As I look to wrap up the story of Children of Dust, I’m already thinking of my second draft, and the changes I’d like to make to the story, namely giving a little more spotlight to the villains. Much of the tale is told from the perspective of the main character, Saramas, and while his introspective, philosophical nature allows me, the writer to explore topics such as death, life, faith and the meanings people attach to these things, I won’t deny that some of my favourite writing happens when I write the interludes to this tale, which focuses instead on the Trinity – the villains who set the tale in motion.

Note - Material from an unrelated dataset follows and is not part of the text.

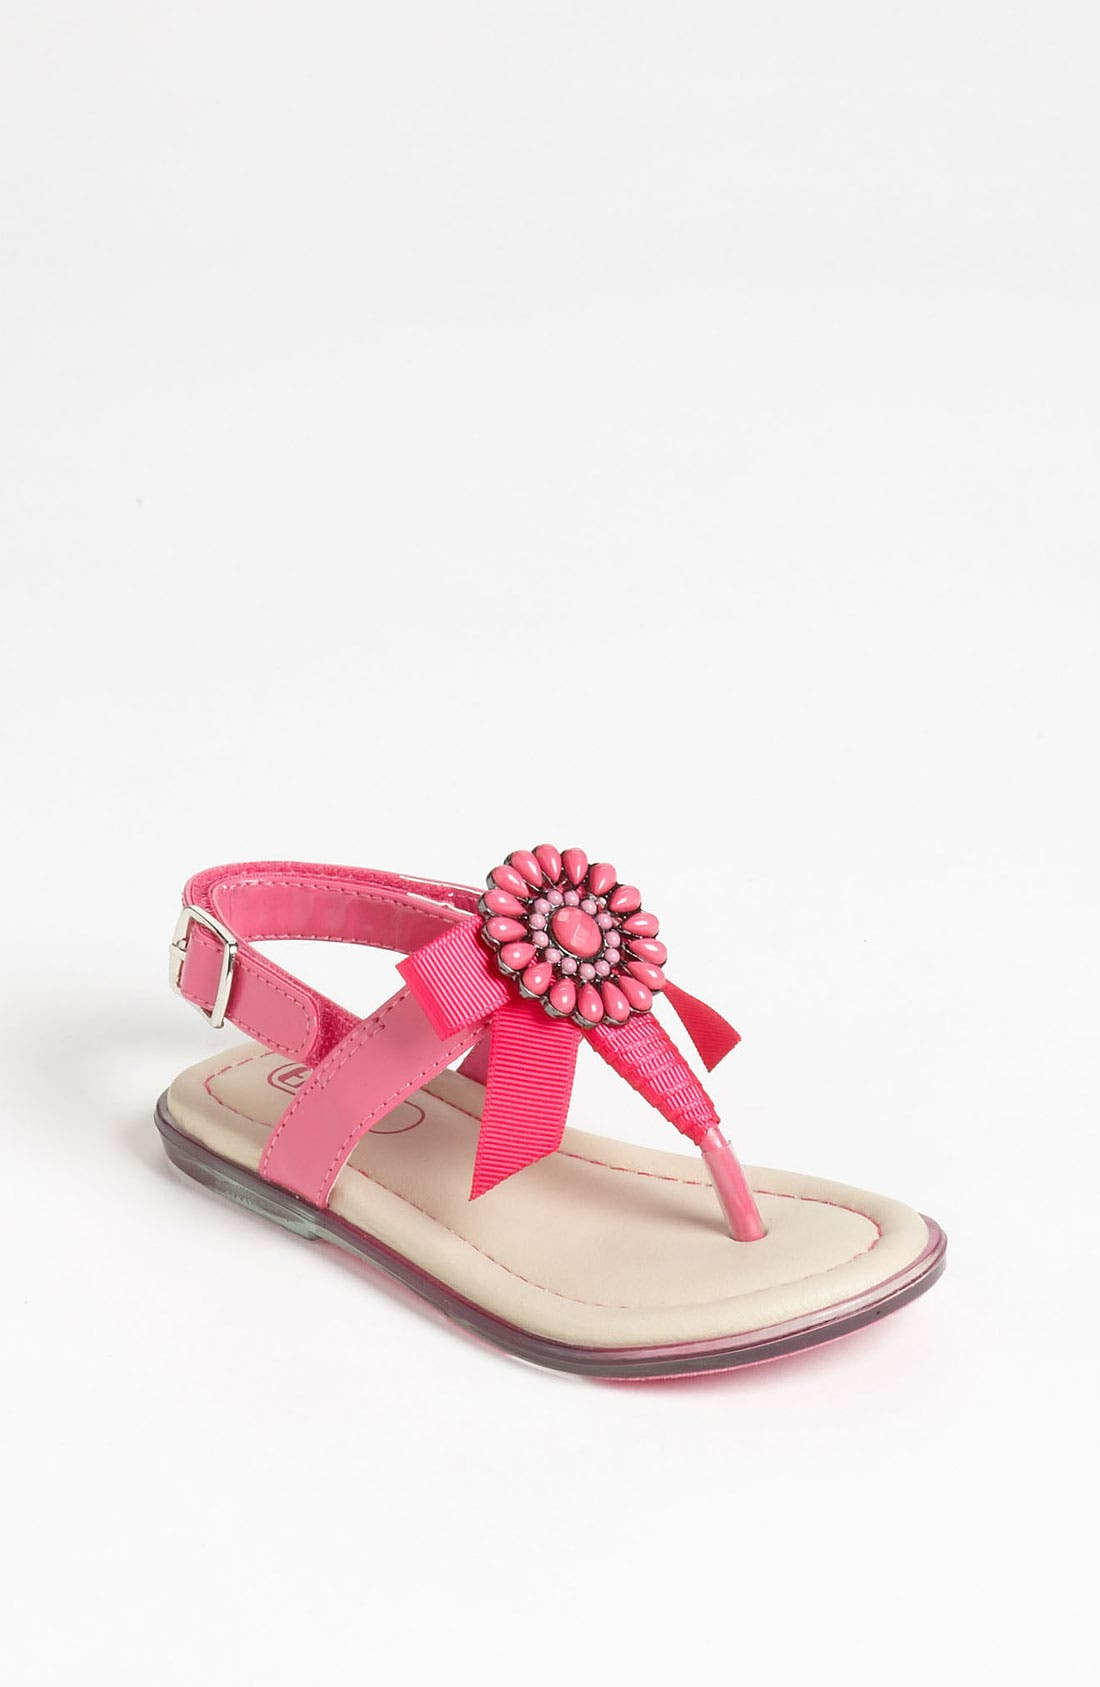 Main Image - Enzo 'Kristina' Bow Sandal (Toddler)
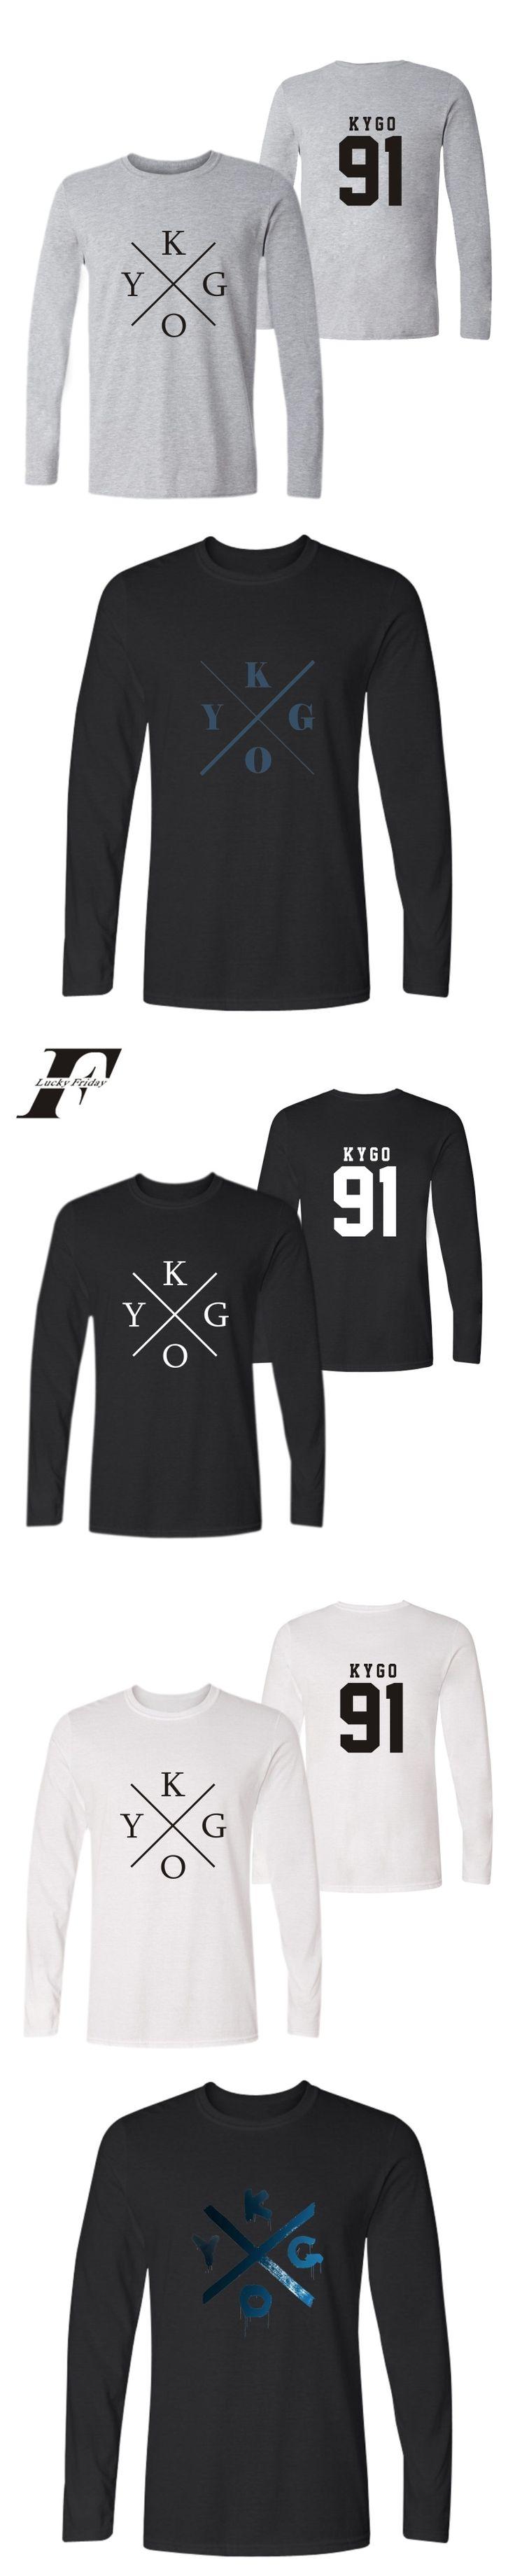 LUCKYFRIDAYF harajuku hip hop DJ Kygo Logo Fans Autumn T-shirt Print Men fitness Tshirt Homme Cotton Long sleeve Tshirt 4XL

Perhaps it’s because I step away from the first-person narrative to tell their side of things in third-person narration – and that mode seems more familiar and comfortable to me – but I also realized, after a while, that the three villains represented different stages of my life: Mithia Ang, the Mage, Samriev Gyre Valterra, the Warrior, and Tyrren Myrgos, the Thief.
In-universe (and very briefly), the Trinity is composed of three undead who decide to do away with the established order of cyclic destruction that occurs in Nostrand every five centuries and steal an artefact that ensures the continued survival of Nostrand’s status quo. To them, a final end is preferable to aeons of constant fear.
Mithia Ang, the Mage, obsessed with intellectualism, seeking mysteries and hoping to find the truth, only to be paralyzed by those truths, surrendering to a hatred of the self and of the souls of others, represents the very real thread of self-loathing and contempt for humanity that I had in my early to mid-twenties. She’s a misanthrope, but she’s not wholly defined by that. She has hope for a better world… but she is also very much aware that the people around her can never live up to those hopes – the perhaps unrealistically high standards of ideals that she would hold everyone to.
Good and evil is quantifiable to her and is thus very prone to believing that the ends could very well justify the means. She tries to reduce everything to simple equations, weighing ‘what’s good’ against ‘what’s best’, and will often not care about the steps along the way, so long as it achieves her results. She is driven to succeed and is ambitious enough to try anything, perhaps to her own detriment. She overestimates her abilities… but not entirely without merit. She’s extremely good at what she does, and she knows it.
Ultimately, her obsession with knowledge will lead her to find all the answers she ever wanted… and it will crush her.
Writing the Mage of the Trinity was perhaps a form of catharsis for me. Mithia Ang is everything I think I used to be, taken to its logical conclusion, and I think the despair she feels at the end still strikes a chord with me. Of course, the overarching theme of the Trinity is that of despair – a wish to do away with the established order of Nostrand.
But that despair takes different forms for each of them.
The Mage’s despair arises purely from her fear that nothing will ever live up to the truths she had found in her search for knowledge and power, and that people will always prove to be disappointing in their aspirations and their deeds.
It is this fear that drives her to seek the truth of the human heart and faith, and, perhaps blinded by her own prejudices – or awakened to the truth of the universe – she seeks the best reflection of man’s heart and their place in the cosmos, wondering if she might find the truest expression of power and become more powerful as the Mage.
Her final location is in the chasm of the void, and here she confronts her hunter, Saramas.
It is her departure to the Abyss that breaks the Trinity and forces Tyrren to reshape his goal for the Trinity.
In the end, though, I think she had more autonomy than the rest of the Trinity. Despite Tyrren’s initiative and Samriev’s defiance (to be discussed later), she was the only one of the three to truly face her fate with a clear head and heart.
Looking at the story as it is now – about three chapters from being done, I really want to go back and flesh out a little more of what she felt and why.
I can’t wait to do this second draft.